Граненый стакан полнился рыжим махровым абрикосовым соком или помидорным, который на языке оставляет впечатление, словно он крапчатый, а на деле — посмотришь — одного равномерного цвета. А то еще наливался стакан прозрачным, желтоватым березовым соком, консервированным, из трехлитровой банки с изображением трех деревьев, в столовой Дударкова, куда заходишь с пыльного лета освежиться, накрутившись до боли в ногах велосипедных педалей.
Преломление ложки или даже вилки в граненом стакане с водой, доложу я вам, весьма способствует изучению особенностей оптического восприятия мира.
Граненый стакан полнился ароматной газировкой, которой чихал и фыркал автомат на любой жаркой улице любого советского города.
Так вот, у меня дома больше нет ни одного граненого стакана. А не так давно, едучи в плацкарте, не увидела ни единого в купе проводницы, которая одной рукой отслаивала от стопки пластиковый стаканчик, другой расчехляла чайный пакетик “Майский”, его я должна была затем тащить, намокший и обмякший, словно дохлую мышь, за хвост.
Я ходила несколько дней по улицам в совершеннейшем снегу и большом удивлении, не видя ни намека на граненые стаканы.
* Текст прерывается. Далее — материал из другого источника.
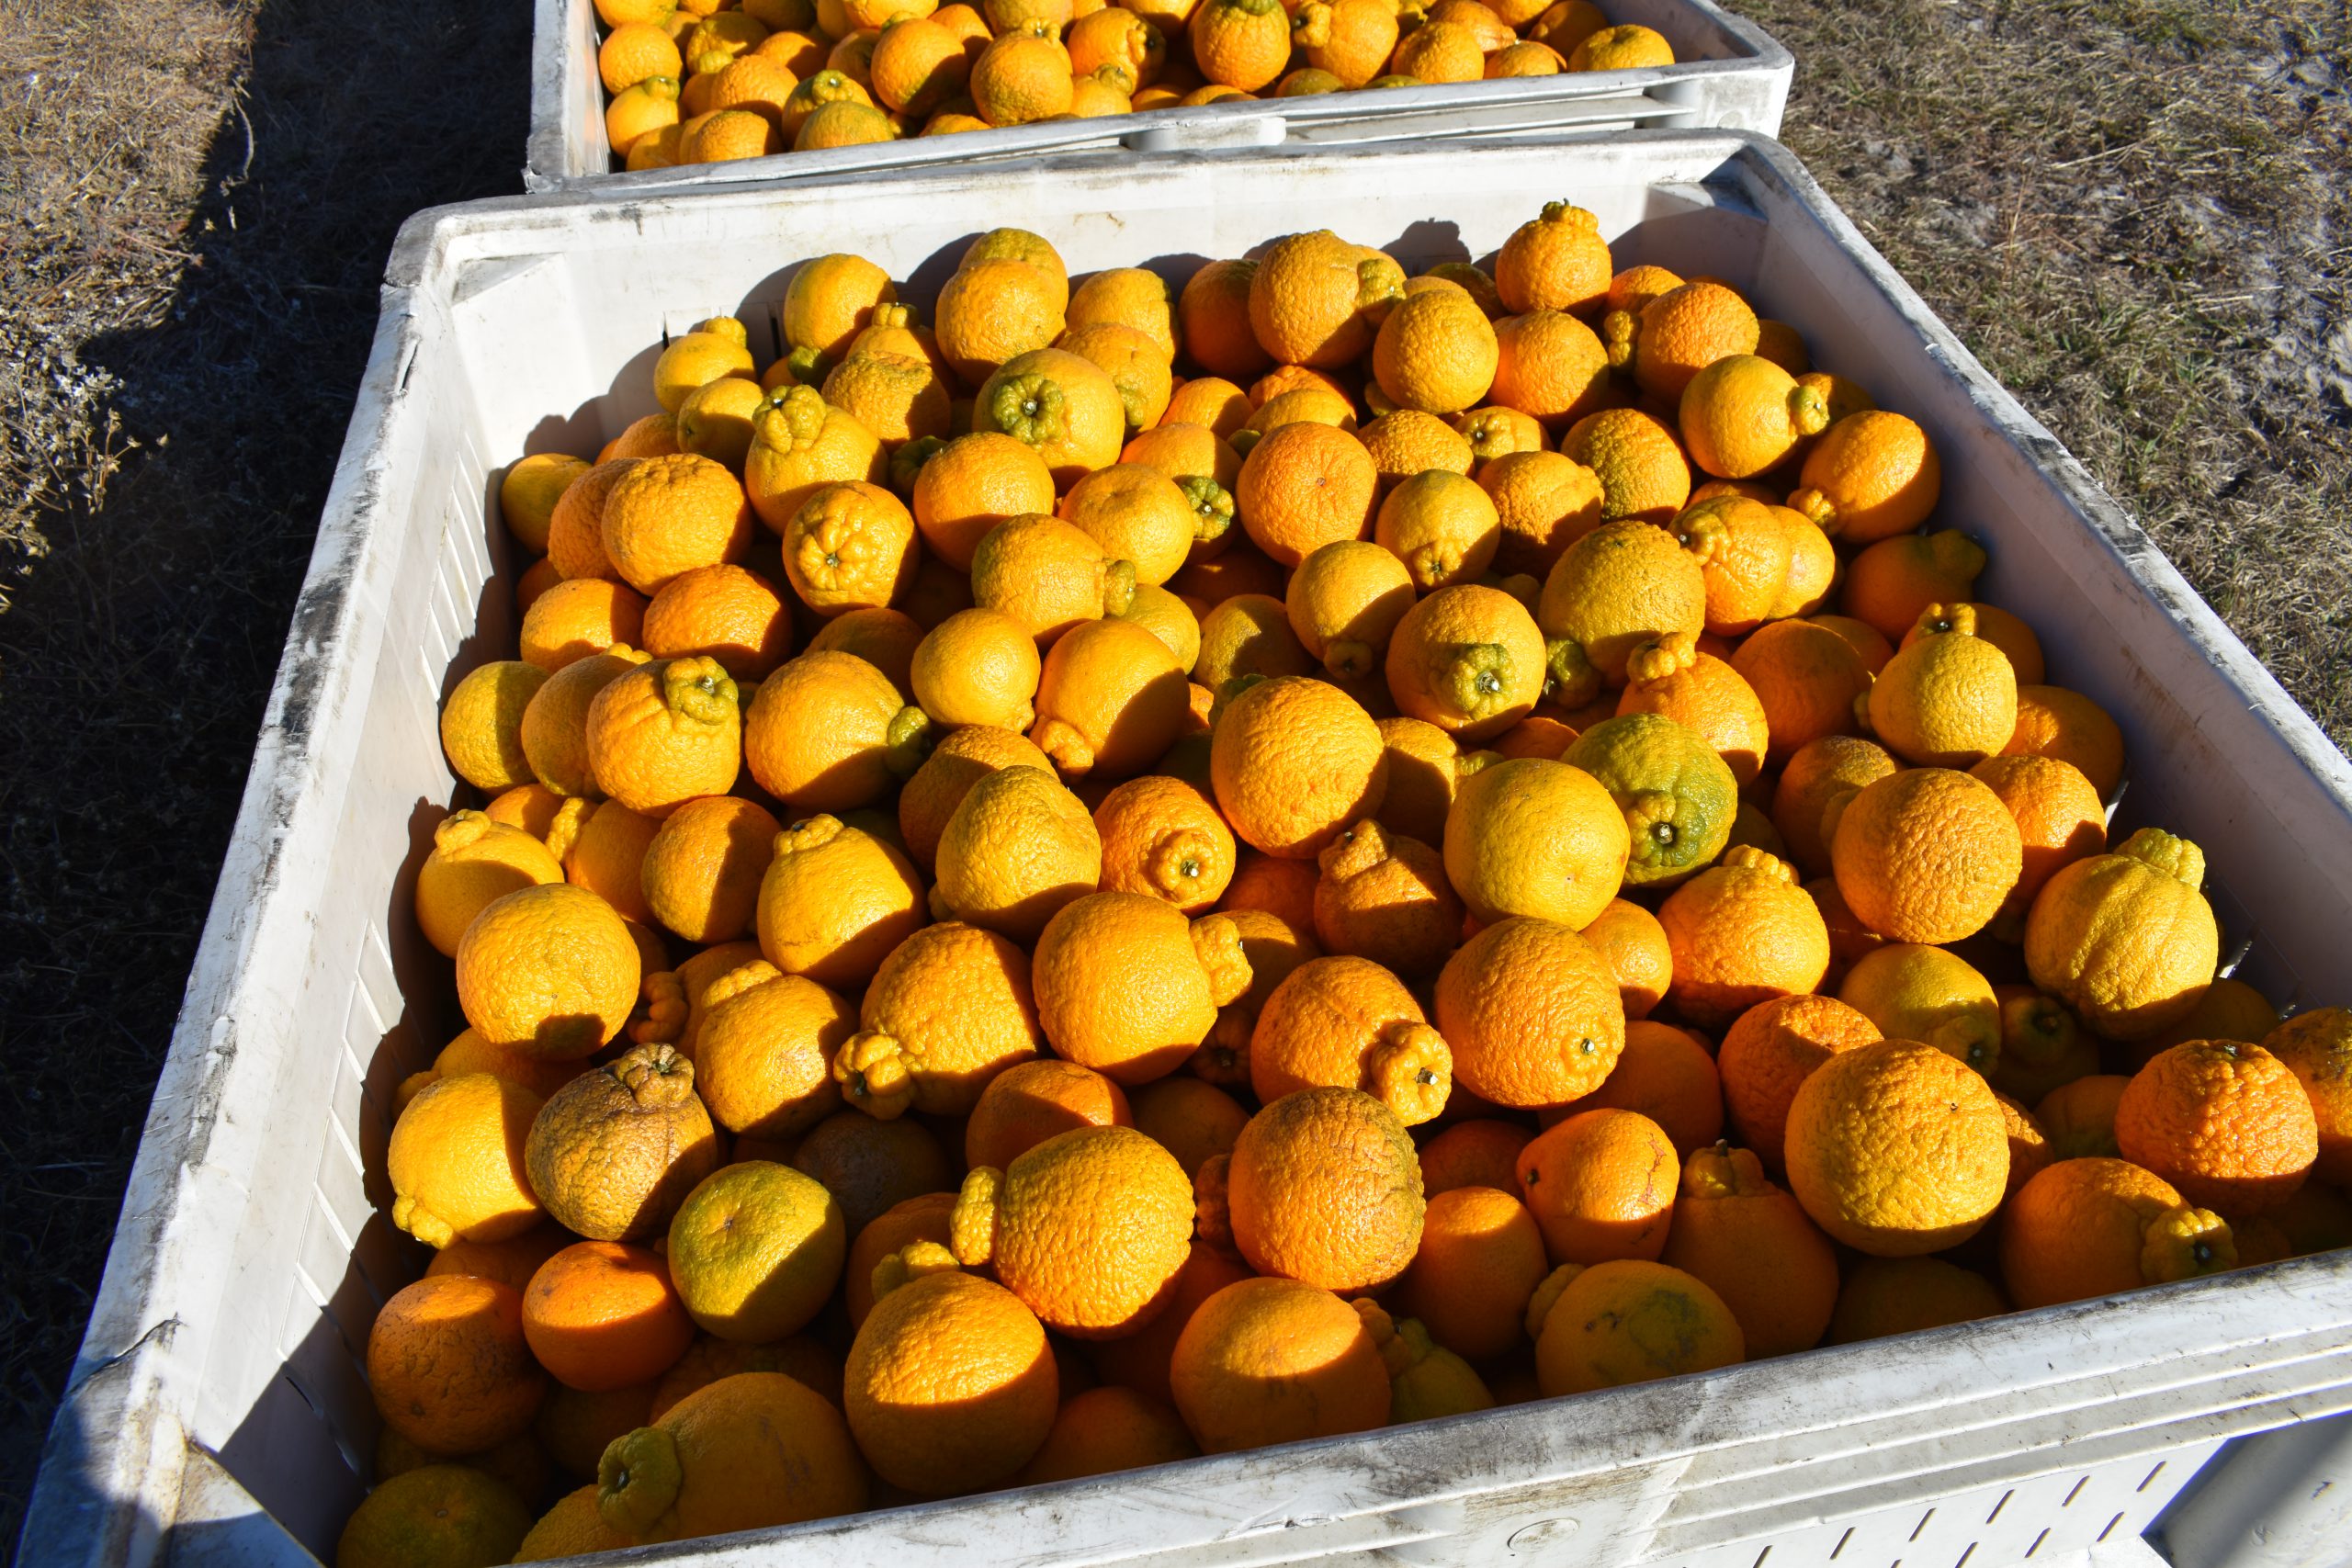 Sumo Citrus season bursts into the New Year with even more

Как и на многое из того, среди чего привыкла я сызмальства обитать. Билет в будущее безвозвратно прокомпостирован на входе.
И вот я вижу его. Родной, знакомый до боли. Стакан. Здесь, случайно. Но теперь у меня нет иллюзий на его счет: это временный посланец отошедших в минувшее дней. Ведь некогда, говорят, его производили из расчета две штуки на человека в год. Вне подобного плана бытие граненого стакана не имеет смысла и не помнит той красоты.
Но все же мне кажется, русский человек вечен. Триста лет назад он точно так же сидел за столом златоглавой, неприютной зимней Москвы, которая, что ни делай, давно изневерилась в слезах.
Мужики-“ваххабиты” уже обнимали друг друга и вели им понятный, органичный, плавный, исполненный огромного, почти вселенского смысла разговор, состоящий почти из одних междометий.